Consider Morgan Stanley, which says the S&P 500 could drop all the way to a range between 3,000 and 3,300 during the first three months of the new year. That would mean it loses up to a quarter of its value from Monday’s closing level. The low end of that range would also be 37.5% below the record set in early 2022.
The reason for the bank’s pessimism is that its strategists forecast much weaker corporate profits than the rest of Wall Street. On the revenue side, businesses are feeling pressure as manufacturing and other areas of the economy are weakening. At the same time, Morgan Stanley says profits will get squeezed on the other end by higher wage costs after businesses had to give workers’ raises.
Corporate profits will likely be coming off record levels from 2022, which helped companies return more cash to investors through dividends and stock buybacks.

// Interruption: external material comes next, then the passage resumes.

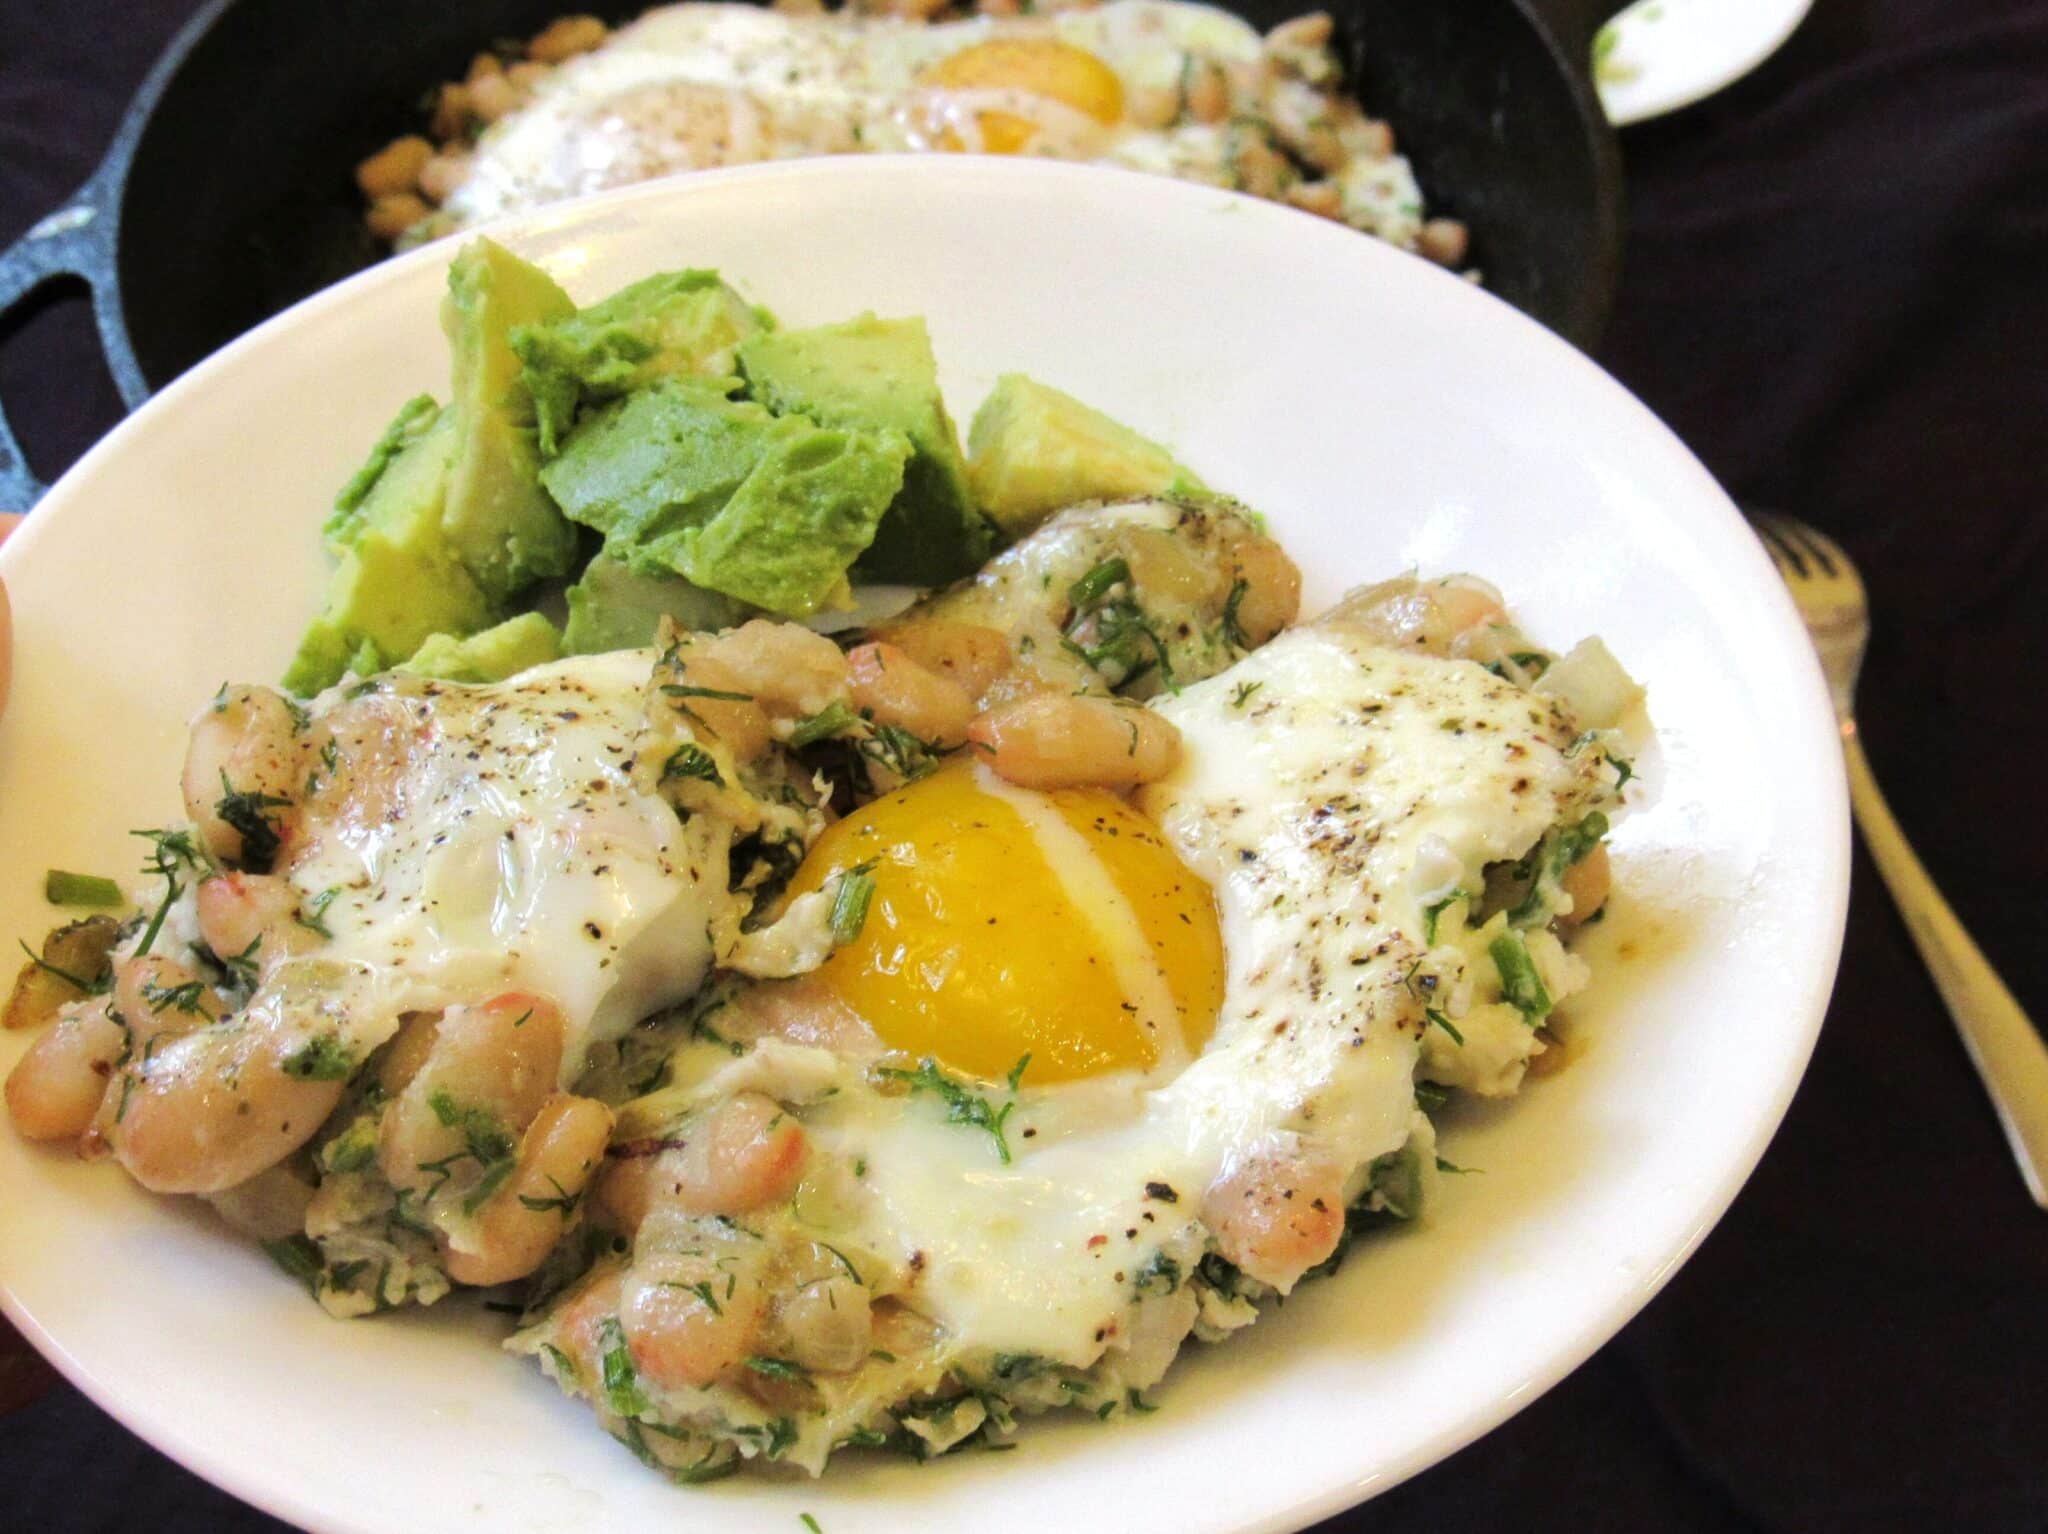 Eggs and beans with avocado slices are served on a white plate.

To be sure, the strategists led by Michael Wilson say the S&P 500 could end 2023 at 3,900 if things go mostly as they expect, not far from its current level.
Strategists at Goldman Sachs also forecast a trough during the first half of the year, possibly at 3,600. That would mark a nearly 10% drop from Monday’s close, and it’s based on Goldman Sachs’ expectation that the economy can avoid a recession.
If the economy does contract as many on Wall Street expect, Goldman strategists led by David Kostin said the S&P 500 could fall all the way to 3,100.
At Deutsche Bank, strategists see the U.S. economy falling into a recession in the second half of 2023. That could pull the S&P 500 down to 3,250 before it hits bottom about halfway through the recession, which the German bank sees lasting the last six months of the year. Then, the S&P 500 could end the year as high as 4,500 if stocks follow their typical playbook around recessions, say the strategists led by Binky Chadha.